U.S. Supreme Court to Rule on When an AER is Material Information that Must be Disclosed to Investors

September 8, 2010

By Ricardo Carvajal

Section 10(b) of the Exchange Act and Securities and Exchange Commission (“SEC”) Rule 10b-5 prohibits “any act, practice, or course of business which operates or would operate as a fraud or deceit upon any person, in connection with the purchase or sale of any security.”  To adequately allege a violation, a plaintiff must allege (among other things) that a defendant has engaged in a material representation or omission of fact, and that the defendant has done so with an intent to deceive, manipulate, or defraud – otherwise known as “scienter.”

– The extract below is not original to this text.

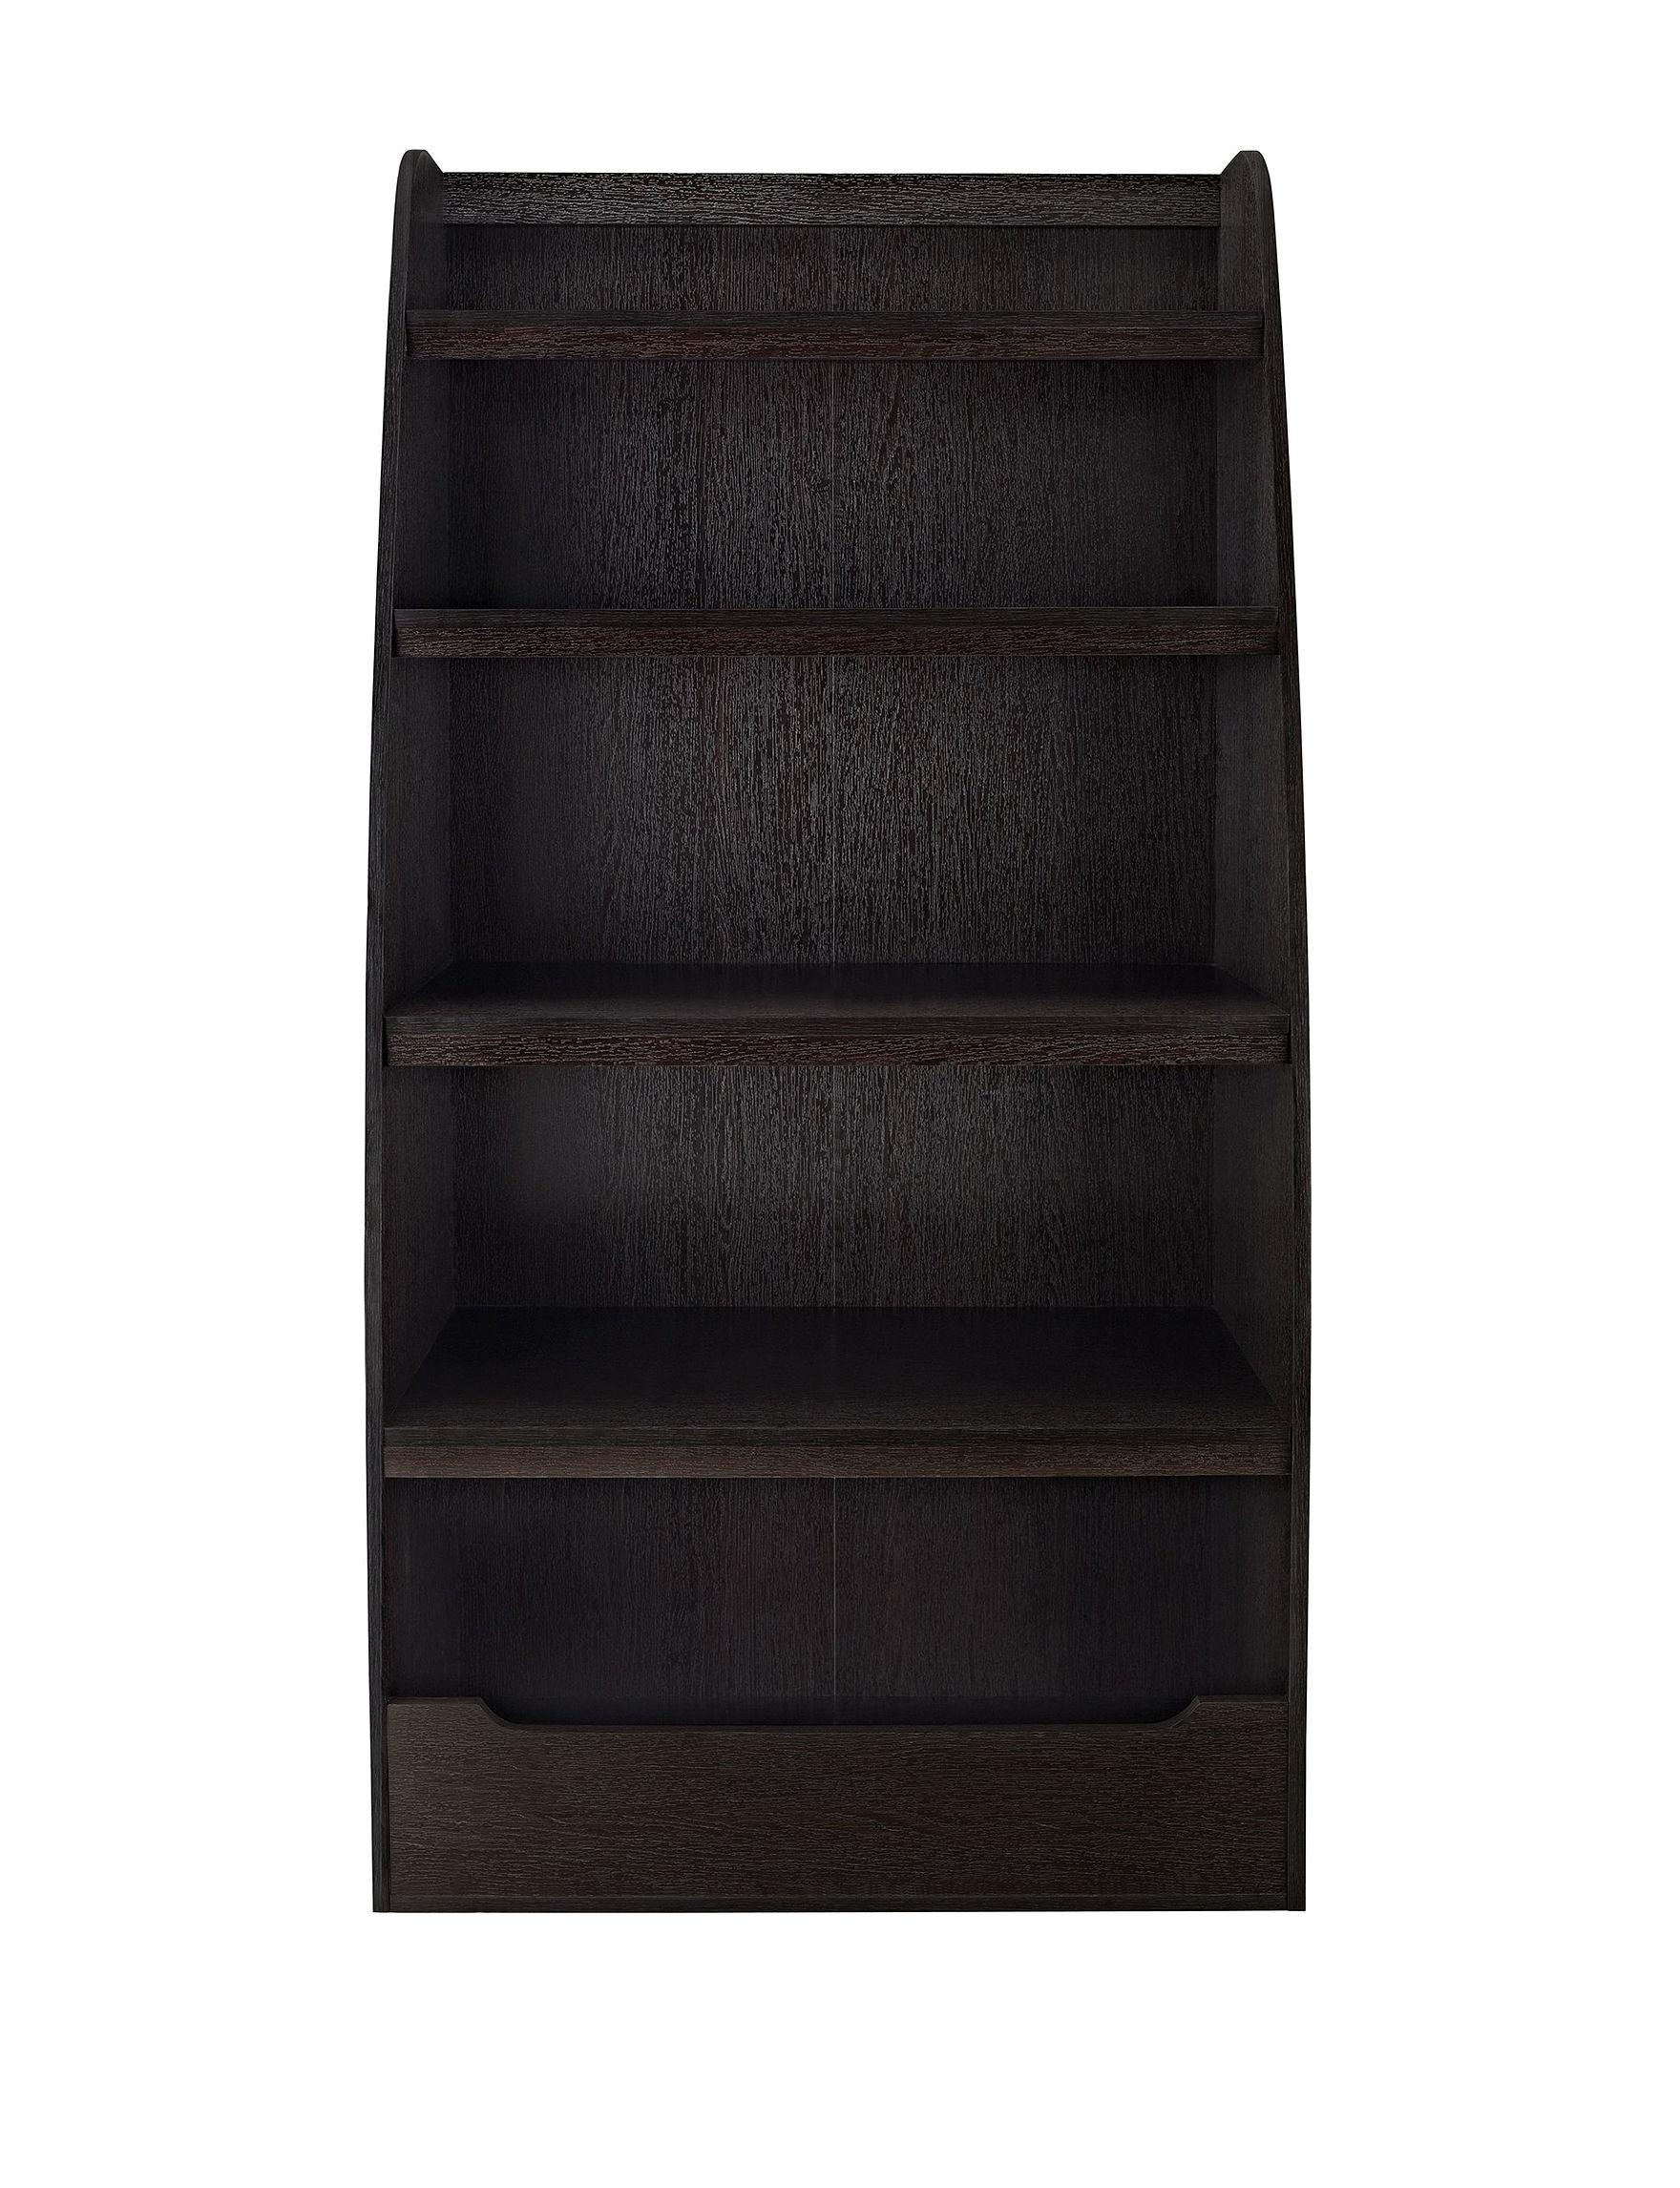 Altra Espresso Bookcases & Shelves Living Room Furniture

Last fall, the 9th Circuit overturned a district court’s dismissal of a class action lawsuit alleging that Matrixx Initiatives, Inc. (“Matrixx”) violated securities laws when it failed to disclose information about possible adverse health effects of Zicam, its zinc-based cold remedy.  The district court had dismissed the complaint on the ground that plaintiffs alleged insufficient evidence to support their claim of a securities fraud violation.  In specific, the district court held that adverse event reports (“AERs”) about Zicam were not material because they were not statistically significant, and also that plaintiffs’ allegations of scienter were inadequate.  The appellate court reversed, concluding that the district court erred when it applied a statistical significance standard to determine the materiality of the AERs.  The appellate court also concluded that the inference of scienter was sufficiently strong to survive dismissal.

Matrixx appealed the 9th Circuit decision, and the Supreme Court granted certiorari in June on the question of “[w]hether a plaintiff can state a claim under § 10(b) of the Securities Exchange Act and SEC Rule 10b-5 based on a pharmaceutical company's nondisclosure of adverse event reports even though the reports are not alleged to be statistically significant.”  Since then, the drug, medical device, and dietary supplement industries have lined up in solid opposition to the 9th Circuit decision, as evidenced by briefs recently filed in the case by PhRMA, AdvaMed, BayBio, the Consumer Healthcare Products Association, the Council for Responsible Nutrition, and the Natural Products Association, among others (see the U.S. Supreme Court docket here and SCOTUSBlog for copies of the briefs). 

Generally, the briefs argue that the district court properly applied the statistical significance standard, and that upholding the 9th Circuit decision would have strong detrimental effects on companies, investors, and consumers.  More specifically, the briefs argue that AERs are not evidence of a causal relationship between a product and an adverse event, and that data submitted in AERs requires analysis to determine its significance.  Yet, if the 9th Circuit decision stands, companies would have little choice but to disclose all adverse event reports.  The resulting flood of information could confuse and mislead both investors and consumers.

Although most of the briefs focus on the statistical significance standard, the Washington Legal Foundation (“WLF”) filed a brief that focuses solely on the issue of scienter.  WLF argues that the facts alleged in the case do not adequately support the inference of scienter drawn by the appellate court.  Rather, those facts support the inference that Matrixx considered the AERs for Zicam to not be material – a position that Matrixx advances in its own brief.

Given the potential impact on a wide range of FDA-regulated companies, this is a case that should be watched closely.